A prospective study of 20 patients evaluated before and after a procedure for recurrent patellar dislocation based on isokinetic evaluation at speeds of 6, 12, and 60°/sec was published by Rauschning et al. In a 20-month follow-up period, the authors reported a slight, nonsignificant improvement in the torque values of the quadriceps muscle, as well as a significant decrease in performance compared with healthy volunteers from a control group [43]. Similar to the present study, Ronga et al. report persistent significant weakness in the operated limbs of 28 patients with recurrent patellar dislocation, compared to the opposite limbs, at the last follow-up assessment, with a mean follow-up of 3.1 years [12]. Similarly, in a prospective study involving 25 sport-practising skeletally immature patients with recurrent patellar dislocation, Oliva et al. reported a decrease in the muscular parameters in the operated limbs after an average period after surgery of 3.8 years [13].

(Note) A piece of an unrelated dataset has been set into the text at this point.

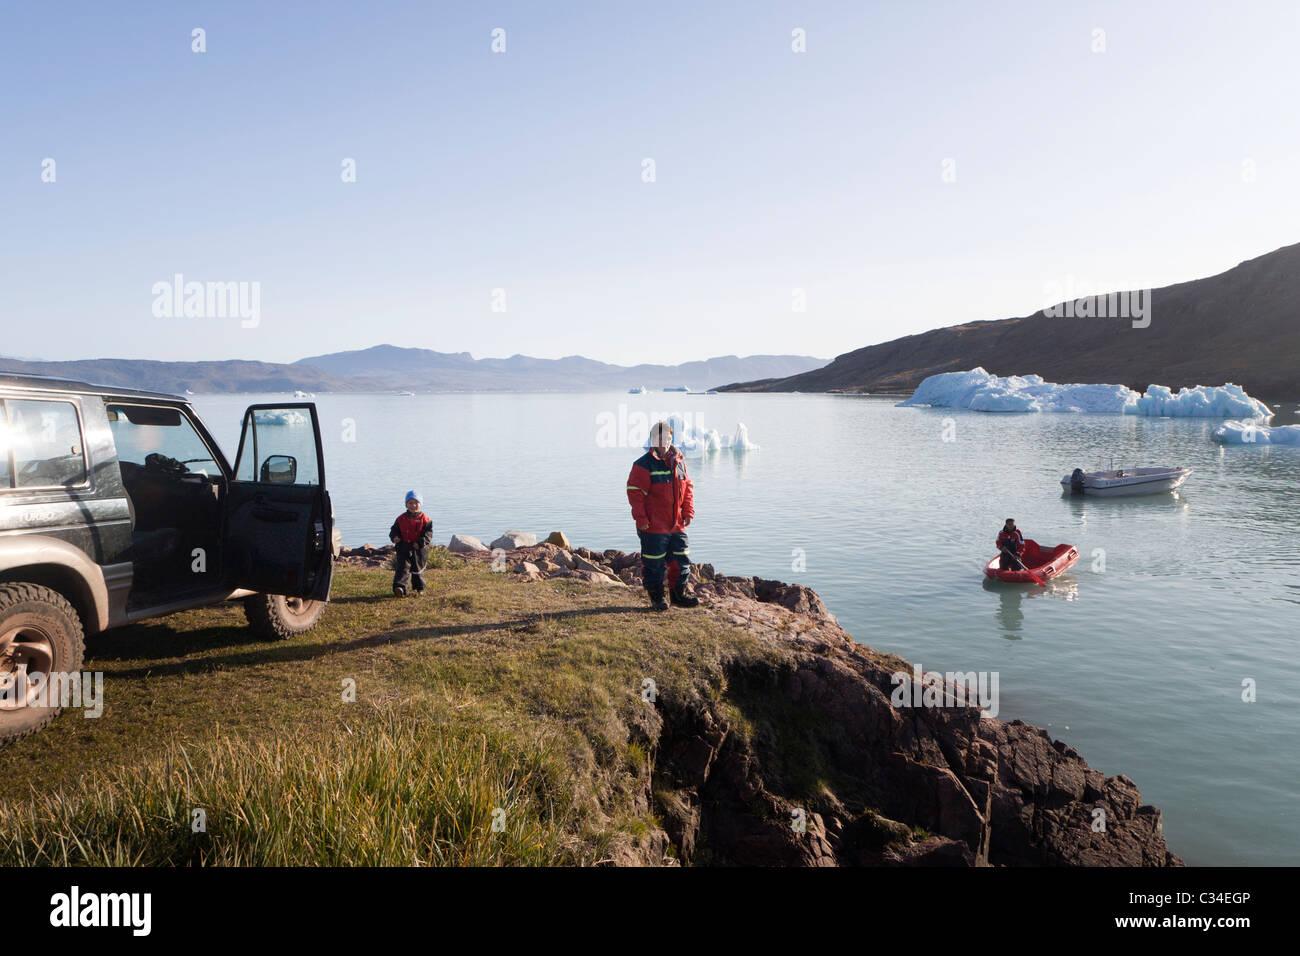 Las personas preparándose para un viaje en barco. Granja Inneruulalik, sur de Groenlandia Foto de stock

The procedure described by Avikainen allows autologous, vascularised graft to be used in growing patients with open growth cartilages. As most other methods of MPFL reconstruction involve the risk of damage to the growth cartilage when fixing the graft, these procedures are mainly performed in adults. However, the perceived disadvantages of this method include the slightly nonanatomical location of the graft and the risk of damage to the femoral vessels, the saphenous branch of the descending genicular artery and the saphenous nerve which lie close by [41, 42]. An analysis of surgical material indicates the most significant limitations of this method to be the lack of tendon in some cases and its insufficient length or small cross section, all of which make reconstruction impossible. In the present study, no tendon was found intraoperatively in two knees, and the graft was too short in two others; these patients were not included in the study.

8. Conclusions

Our results confirm the efficacy of MPFL reconstruction using the adductor magnus tendon in children and adolescents with recurrent patellar dislocation. In the presence of a deficit in quadriceps and flexor strength, patients may benefit from isokinetic analysis when planning the postoperative rehabilitation programme following MPFL reconstruction with an adductor magnus tendon.

Conflict of Interests

The authors declare that there is no conflict of interests regarding the publication of this paper.

Acknowledgment

This work was sponsored by the Polish Ministry of Science & Higher Education, Polish Mother’s Memorial Hospital Research Institute Young Researcher Internal Grant no. 2012/59-MN.